Nagios serves as the central monitoring solution for Kubernetes clusters, NCL servers, MSSQL database servers, and Docker environments. Acting as a comprehensive monitoring hub, it is deployed on a Linux machine, providing a unified view of system health and performance across different infrastructures. Custom monitoring services have been integrated into Nagios to allow for the tailored supervision of these varied environments, ensuring that key metrics are tracked and any potential issues are detected early.

Nagios excels in offering detailed insights into system performance by collecting logs, checking resource availability, and alerting on critical events like resource overuse or downtime.
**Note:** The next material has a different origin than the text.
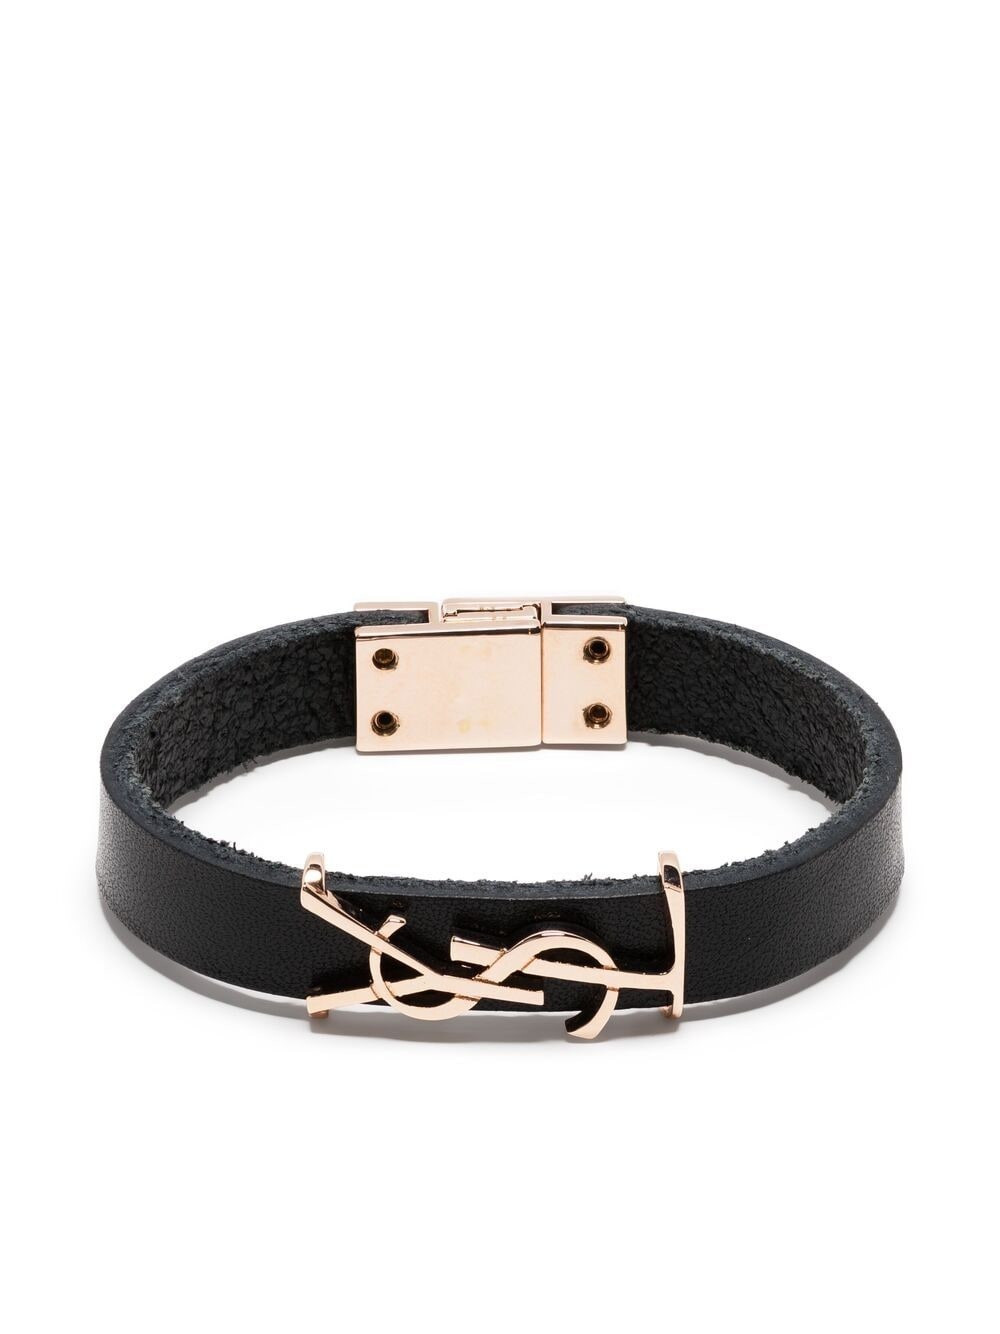 YSL logo leather bracelet - 1

In this setup, it plays a vital role in maintaining the stability and reliability of the underlying systems.

Generic Method to Add Floor PC’s To Nagios Monitoring

Nagios use custom configuration file linepcs.cfg to add new hosts in to Nagios monitoring. It ensures anyone on the team can perform host additions consistently. For this purpose:

Login to the Nagios Server (172.16.4.70).
Go to the Configuration directory: cd /usr/local/nagios/etc/objects.
Open the file linepcs.cfg for editing using your preferred text editor (e.g. vim or nano).
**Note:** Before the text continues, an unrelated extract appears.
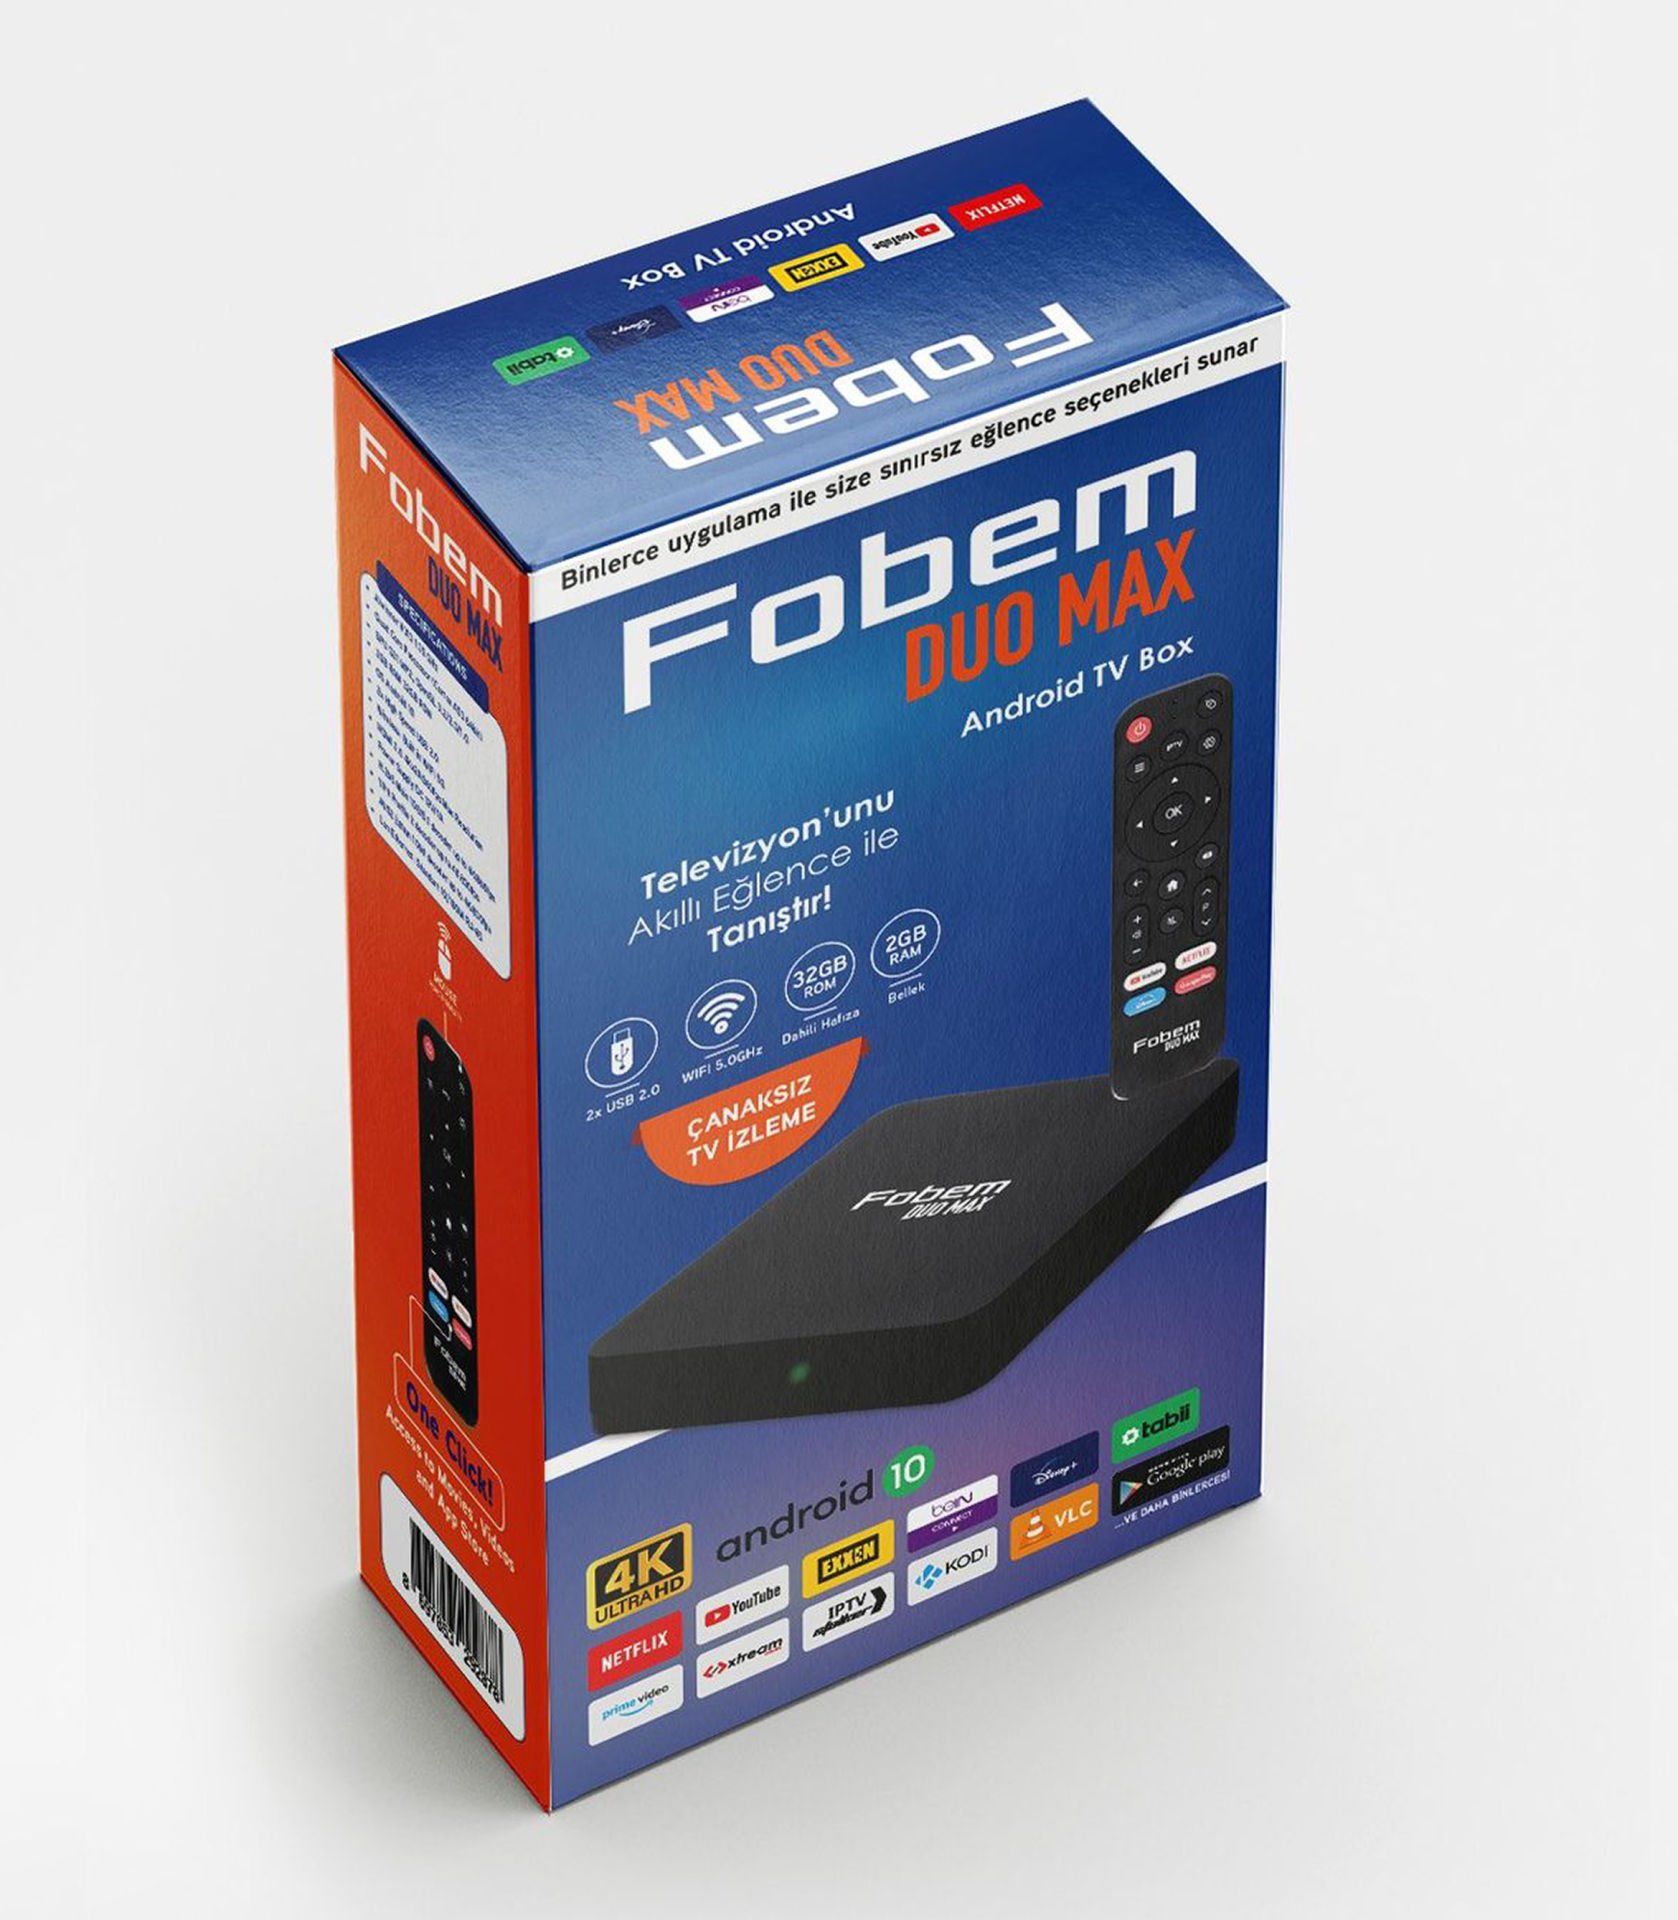 FOBEM DUO MAX 2GB/32GB ANDROİD BOX

Add a new host block as follows:

define host {
use                         linux-server
host_name                   <HOST_NAME>
alias                       <ALIAS>
address                     <IP_ADDRESS>
max_check_attempts          5
check_period                24x7
notification_interval       30
notification_period         24x7
}

Replace <HOST_NAME>, <ALIAS>, and <IP_ADDRESS> with the correct values.
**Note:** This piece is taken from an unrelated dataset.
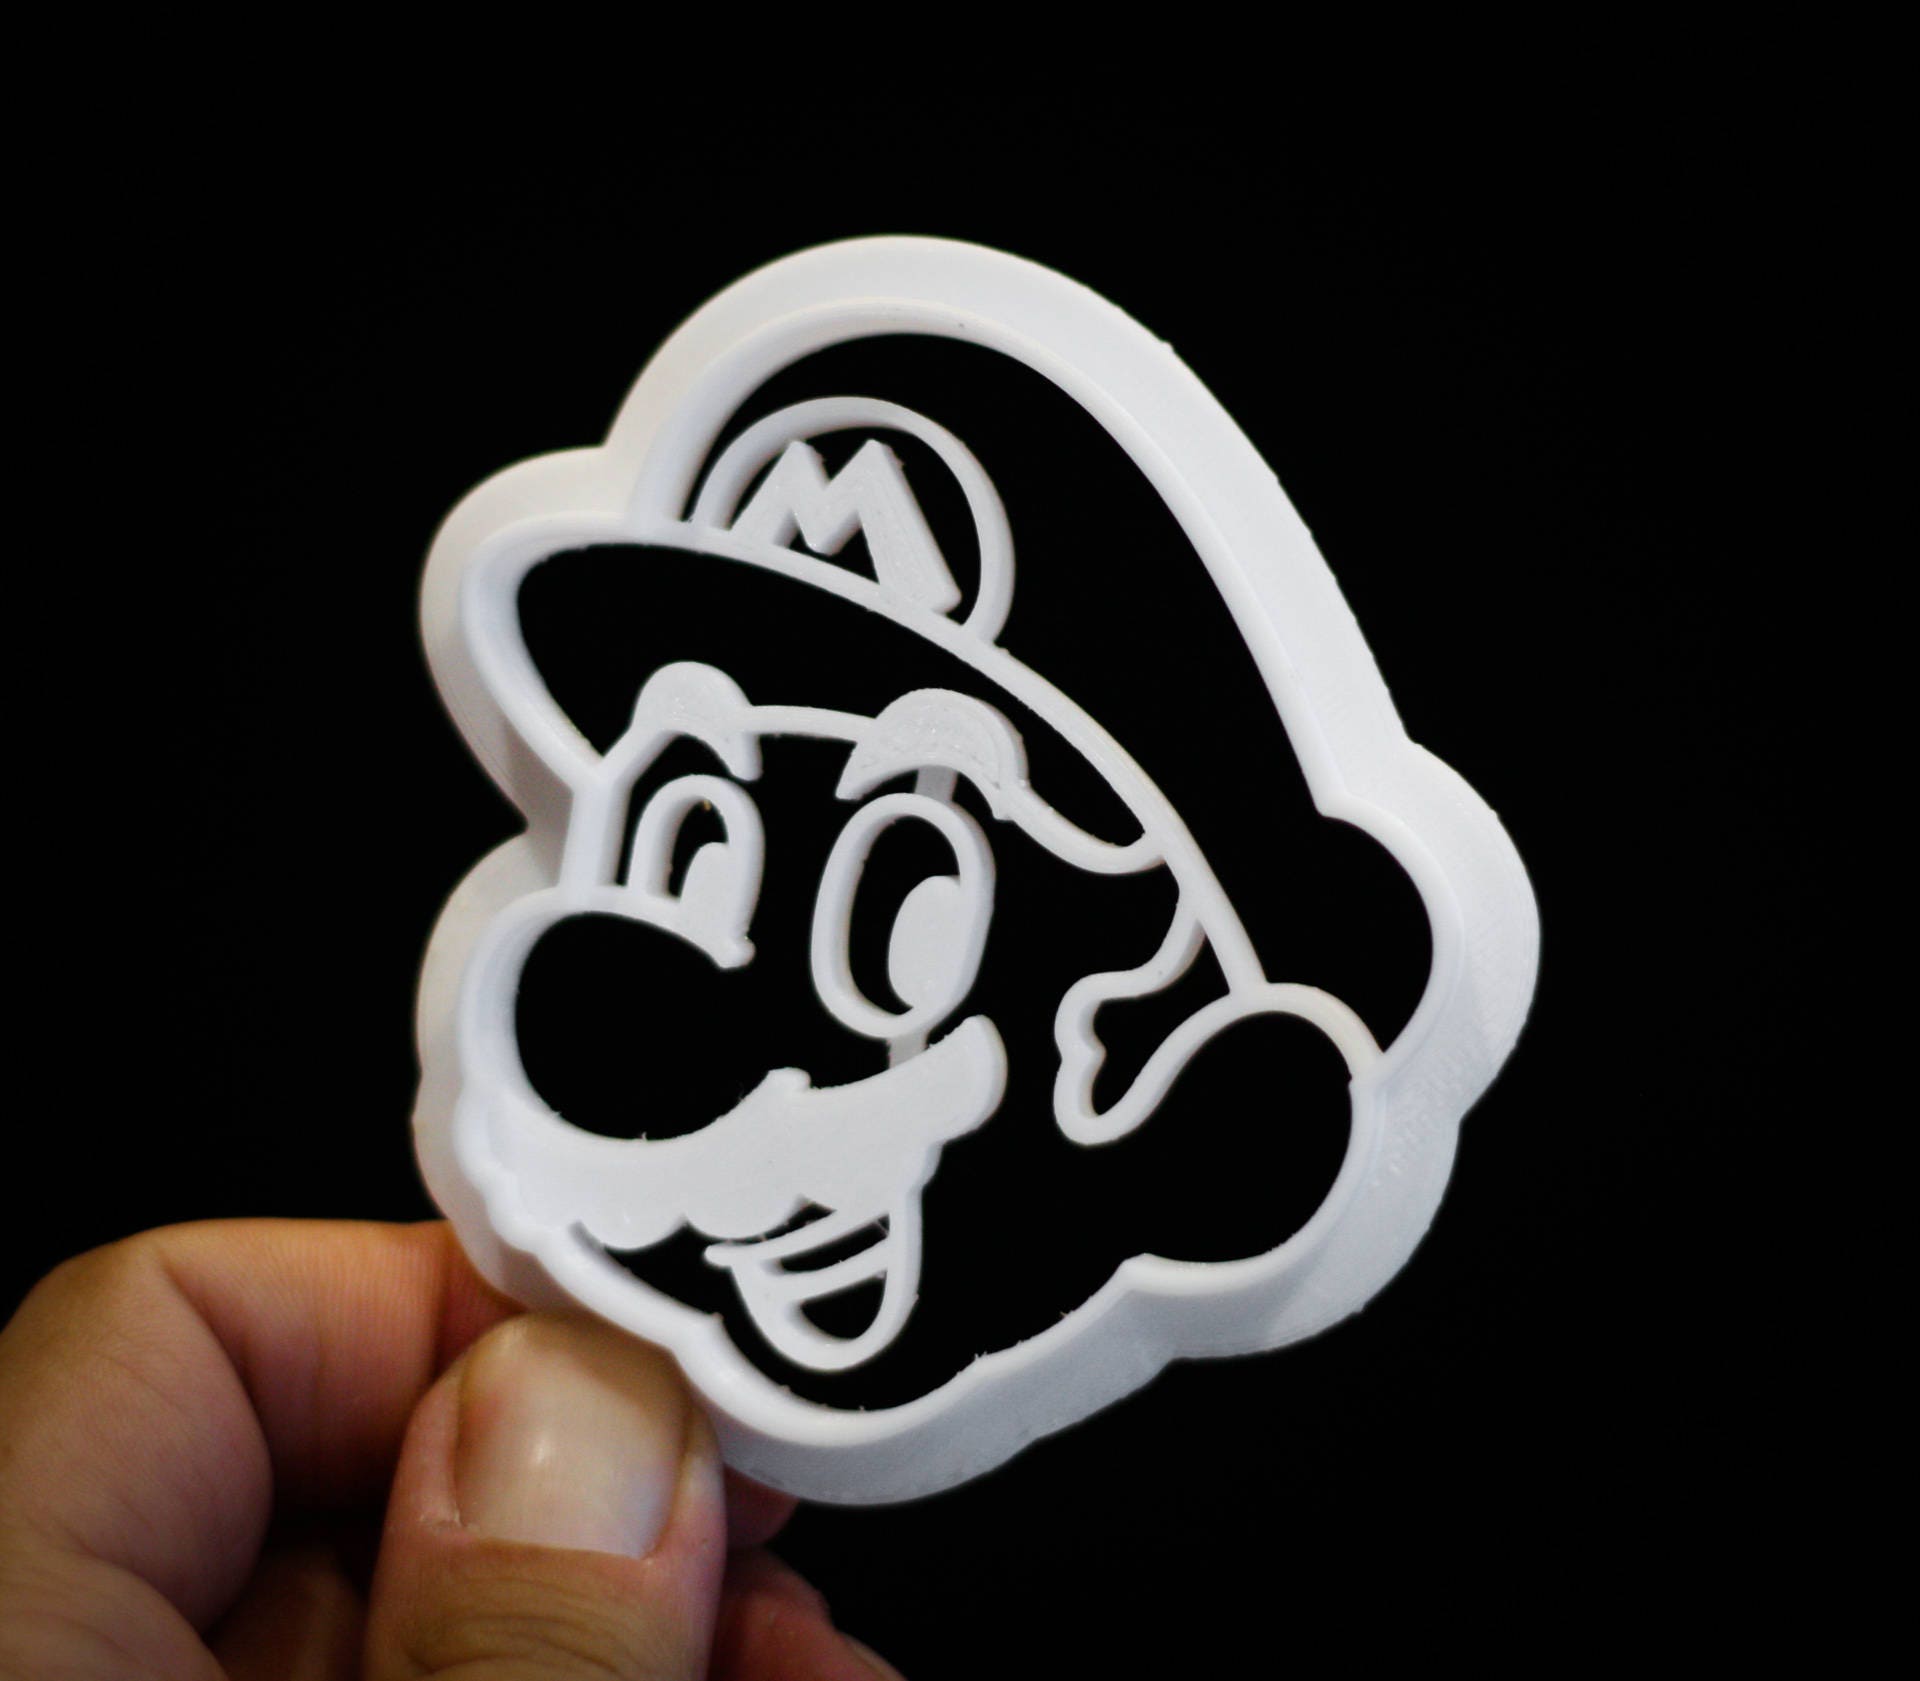 Mario Bros cookie cutter cube

Define Services (Optional)

Add service definitions below the host entry if needed:

define service {
use  local-service
host_name                 <HOST_NAME>
service_description       Execution Status Check
check_command             check_execution_status!<arg1>!<arg2>!<arg3>
check_interval            1
retry_interval            1
contact_groups            devops-team-group
}

Ensure that linepcs.cfg is included in /usr/local/nagios/etc/nagios.cfg:
```
cfg_file=/usr/local/nagios/etc/objects/linepcs.cfg
```
If not present, add the above line.
Run the following command to verify the configuration:
```
/usr/local/nagios/bin/nagios -v /usr/local/nagios/etc/nagios.cfg
```
Check for any errors or warnings in the output.
If the verification is successful, restart Nagios to apply changes:
```
sudo systemctl restart nagios
```
Open the Nagios Web Interface and confirm the new host appears and is being monitored.

LogStash

logstash

LogStash, a free and open-source server-side data processing pipeline, complements Nagios by handling log management. It is capable of ingesting data from multiple sources, transforming it as required, and forwarding it to a designated storage or monitoring platform, such as Elasticsearch. In this case, LogStash is also deployed on the Nagios server to streamline the collection and processing of logs across the monitored infrastructure. With LogStash in place, logs from Kubernetes, NCL, MSSQL, and Docker servers can be centralized and parsed for analysis, helping administrators quickly identify and troubleshoot issues.

Ansible

Ansible is another key tool in the infrastructure, designed for automation, software provisioning, and configuration management. As an open-source platform, it simplifies the process of managing complex infrastructures by using human-readable YAML files to define automation tasks. In this setup, Ansible is also installed on the Nagios server, serving as the tool that automates the deployment of Nagios plugins to new hosts. When a new host needs to be monitored, Ansible automates the installation of the necessary monitoring agents and configurations, enabling seamless integration into the existing Nagios monitoring system. This automation drastically reduces the time required for manual configuration and minimizes errors, ensuring that new hosts are properly monitored without delays.